В центре всей группы, в позах противников, сидели друг против друга Мирон и земский агроном Михайло Васильевич, давнишний друг и руководитель буяновцев. Рядом с Мироном сидел учитель.
Агроном и Мирон спорили.
Все слушали.
Михайло Васильевич был худенький, маленький человечек, в пиджаке, косоворотке и высоких сапогах. Бледное нервное лицо его с подстриженной остренькой бородкой, в которой уже пробивалась кое-где седина, казалось измученным.
Он полулежал на траве, нервно комкал и кусал сорванный стебель и внимательно, враждебно слушал. Говорил Мирон.

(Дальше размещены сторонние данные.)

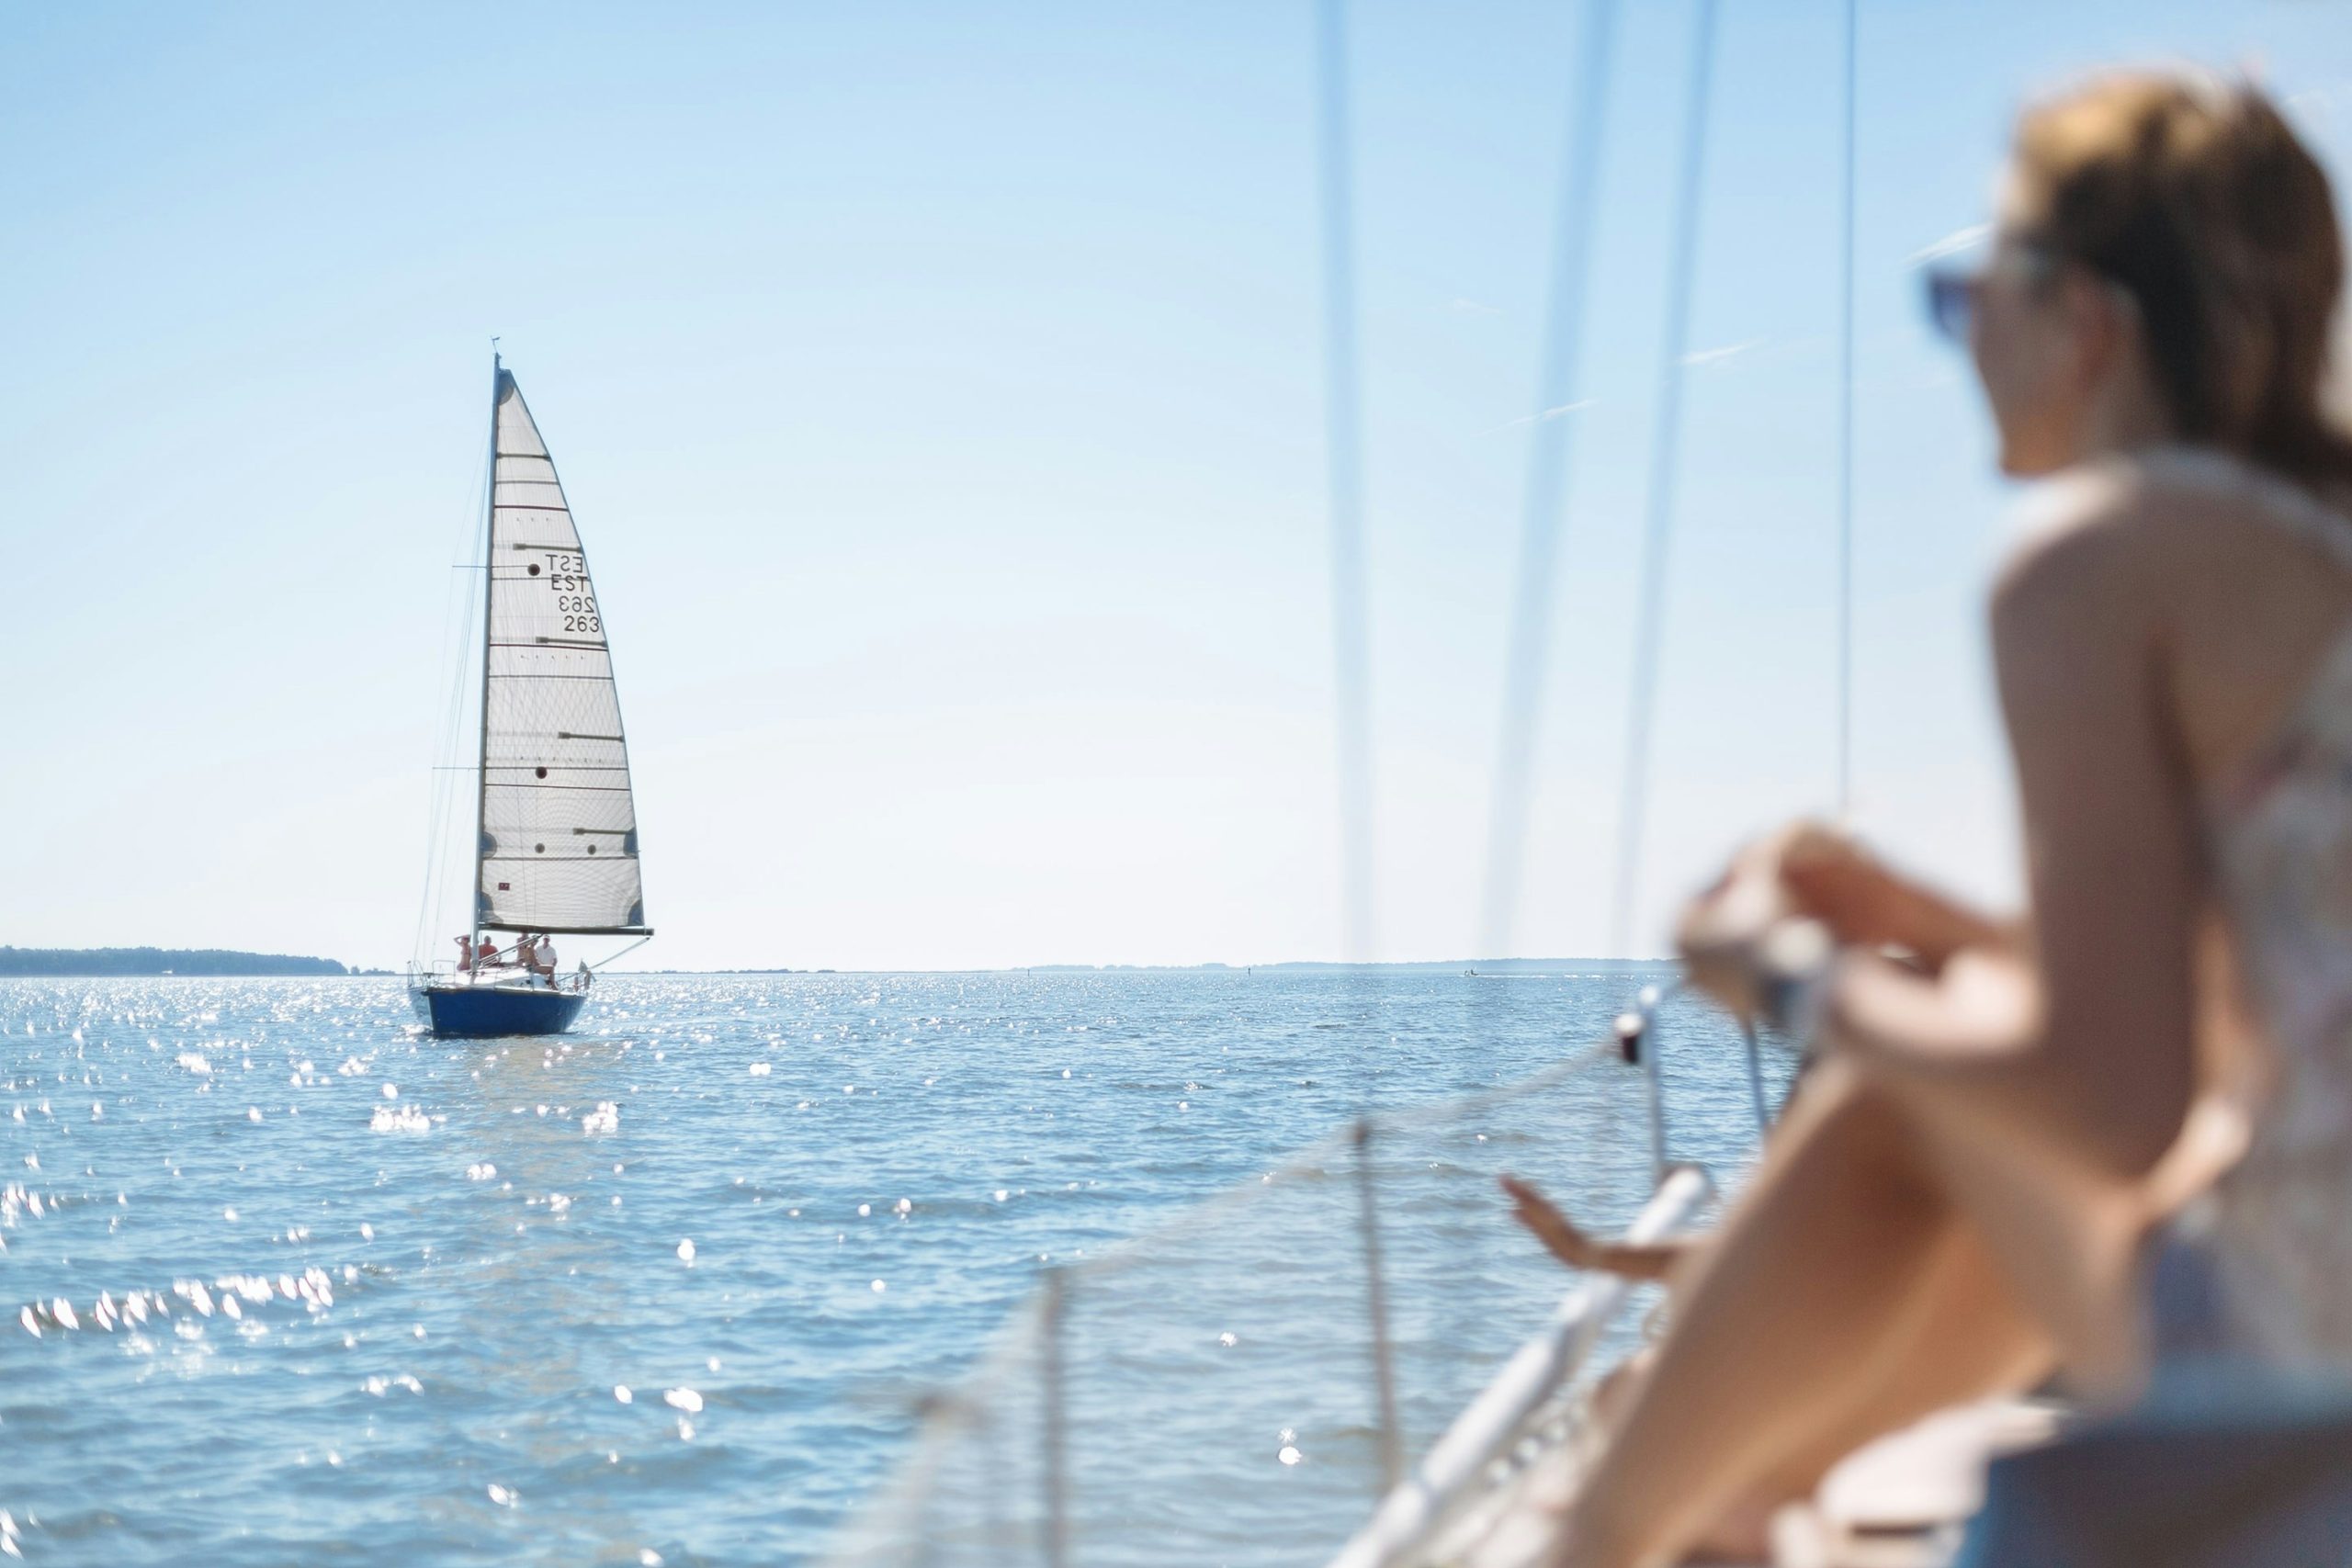 explore the art of sailing with our expert guides and experience the thrill of the open seas with our sailing adventures. book now for an unforgettable nautical experience.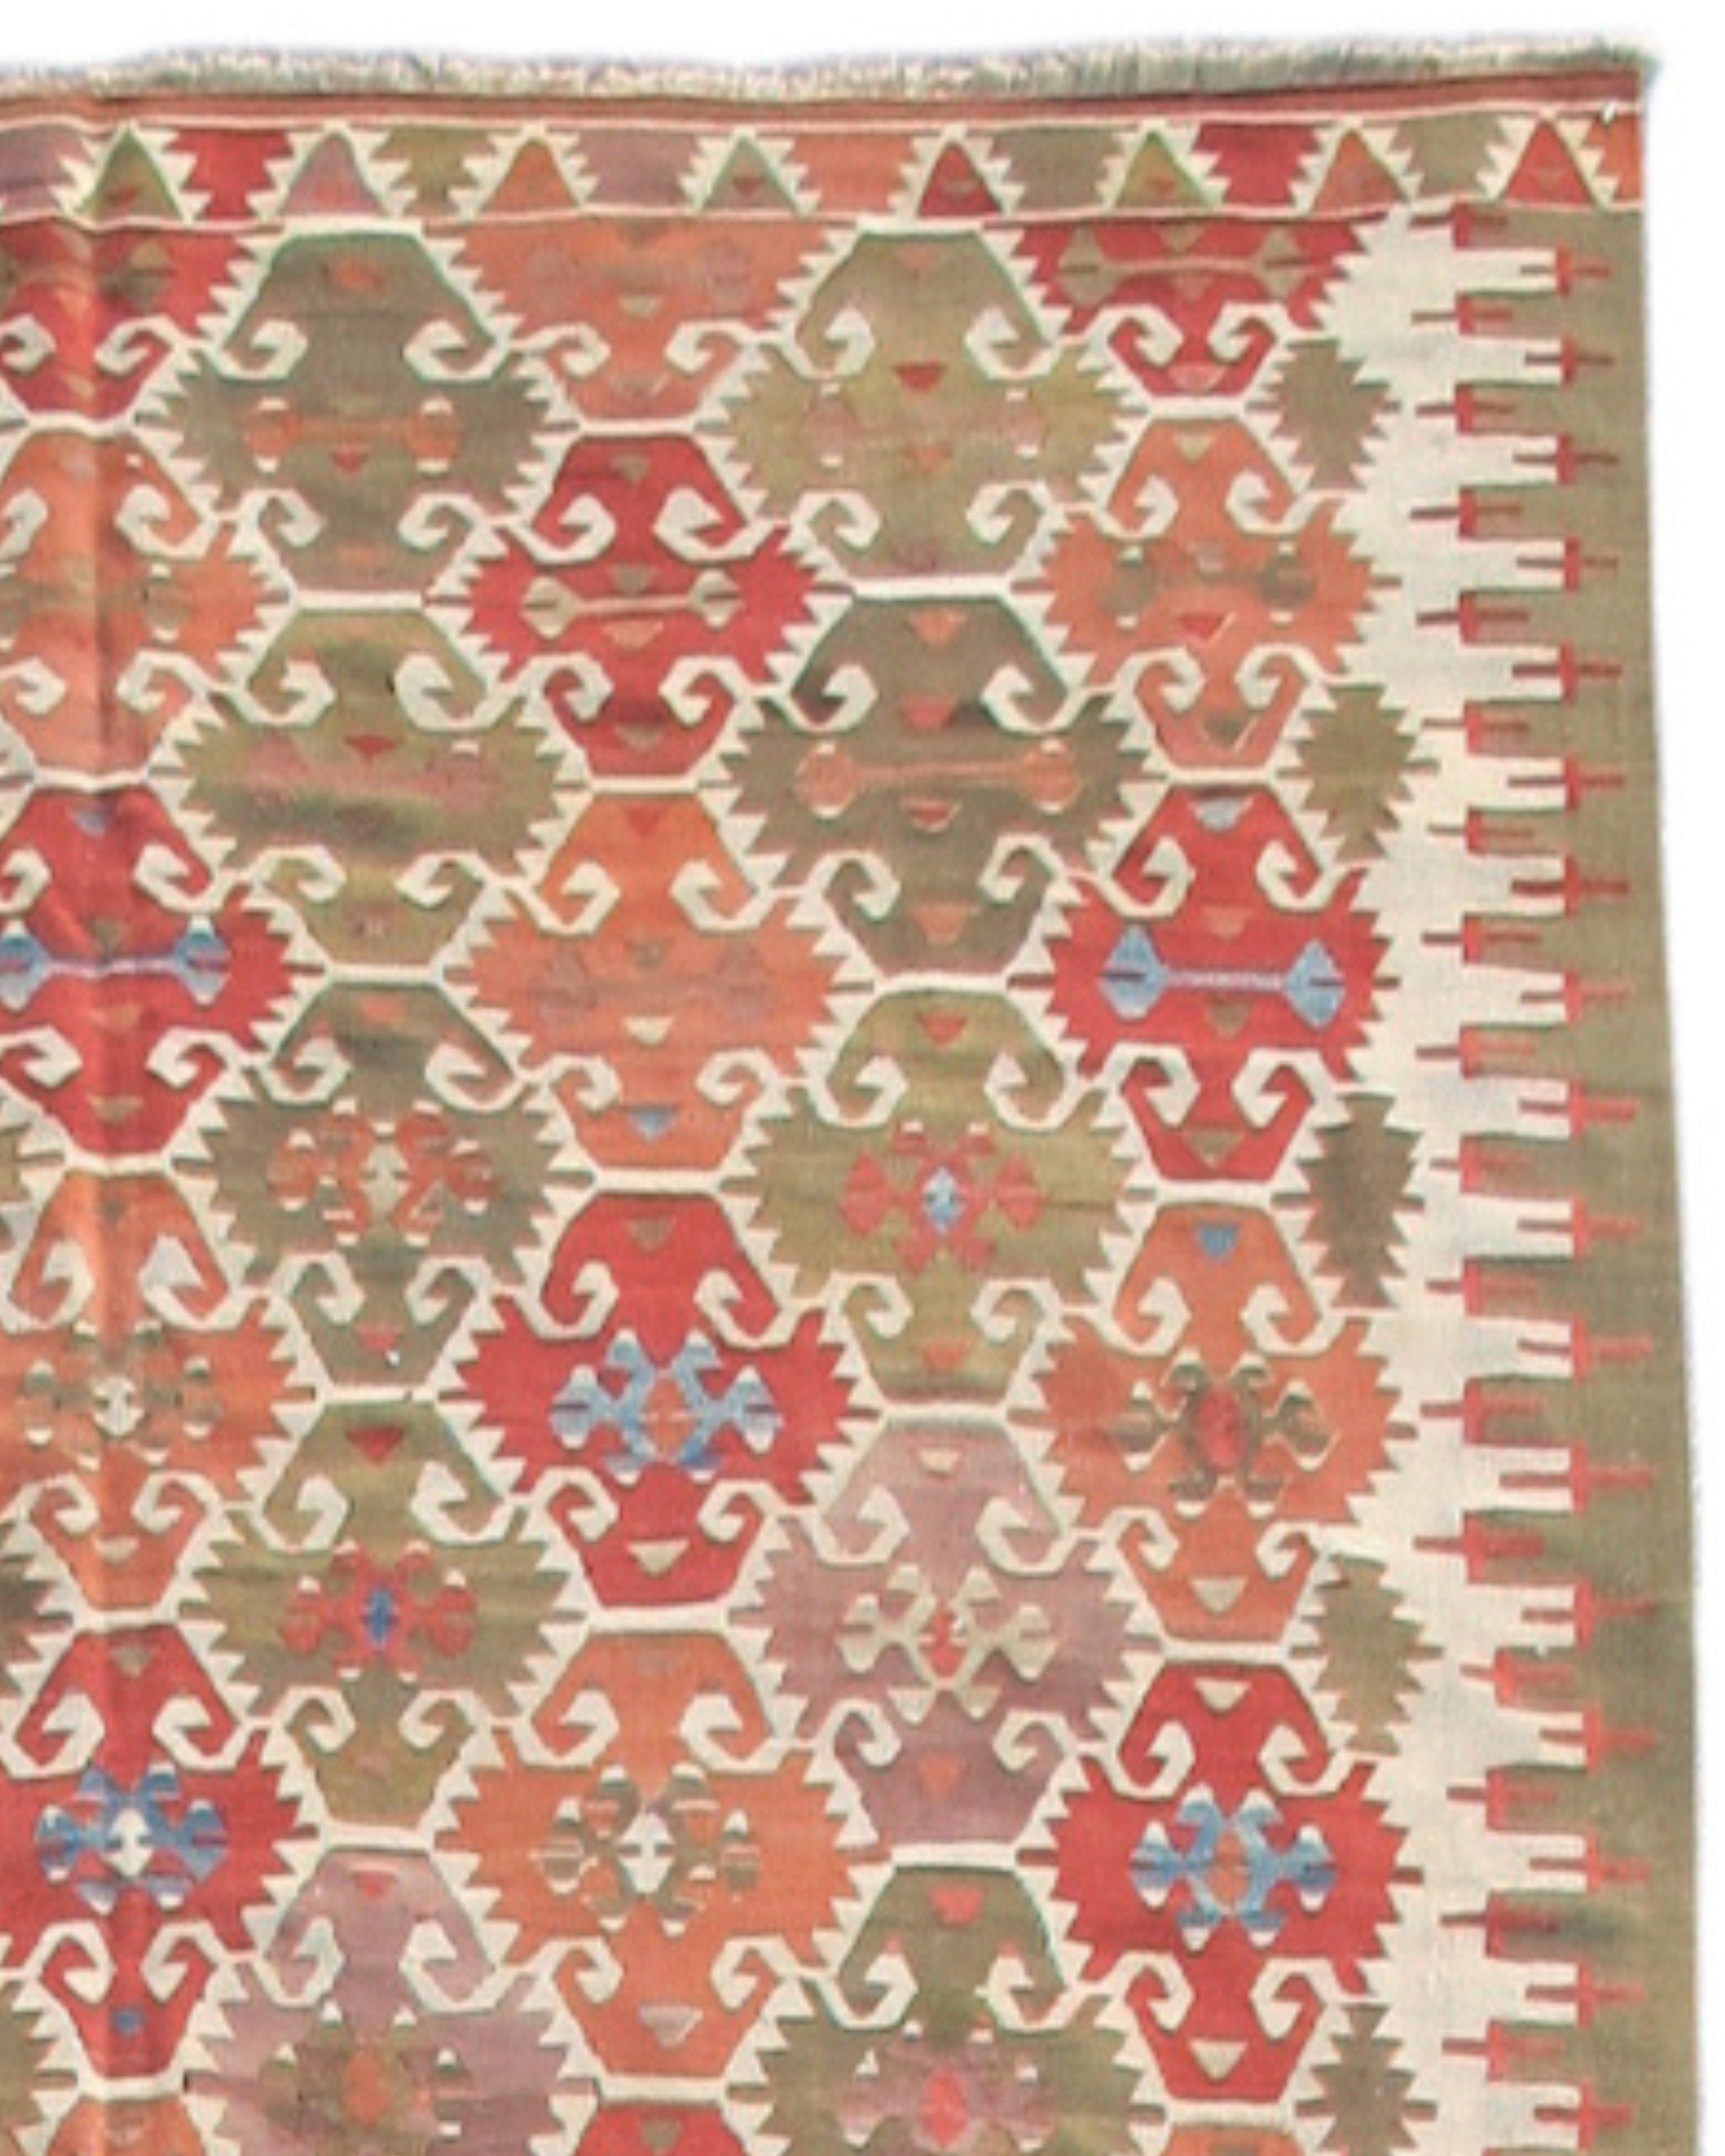 Antique Konya Kilim Rug, 19th Century In Good Condition For Sale In San Francisco, CA

— Пятнадцать лет! — звучал его грудной голос. — Пятнадцать лет ты шептал нам каждому поодиночке, а которым чуть ли не сызмальства: «поднимайтесь», а мы спали, ходили впотьмах, боялись, как маленькие ребятишки. Мы тогда, правду сказать, мало что у тебя понимали. А все-таки мы думали: ежели придет это время, то уже никто, как он, пойдет у нас впереди.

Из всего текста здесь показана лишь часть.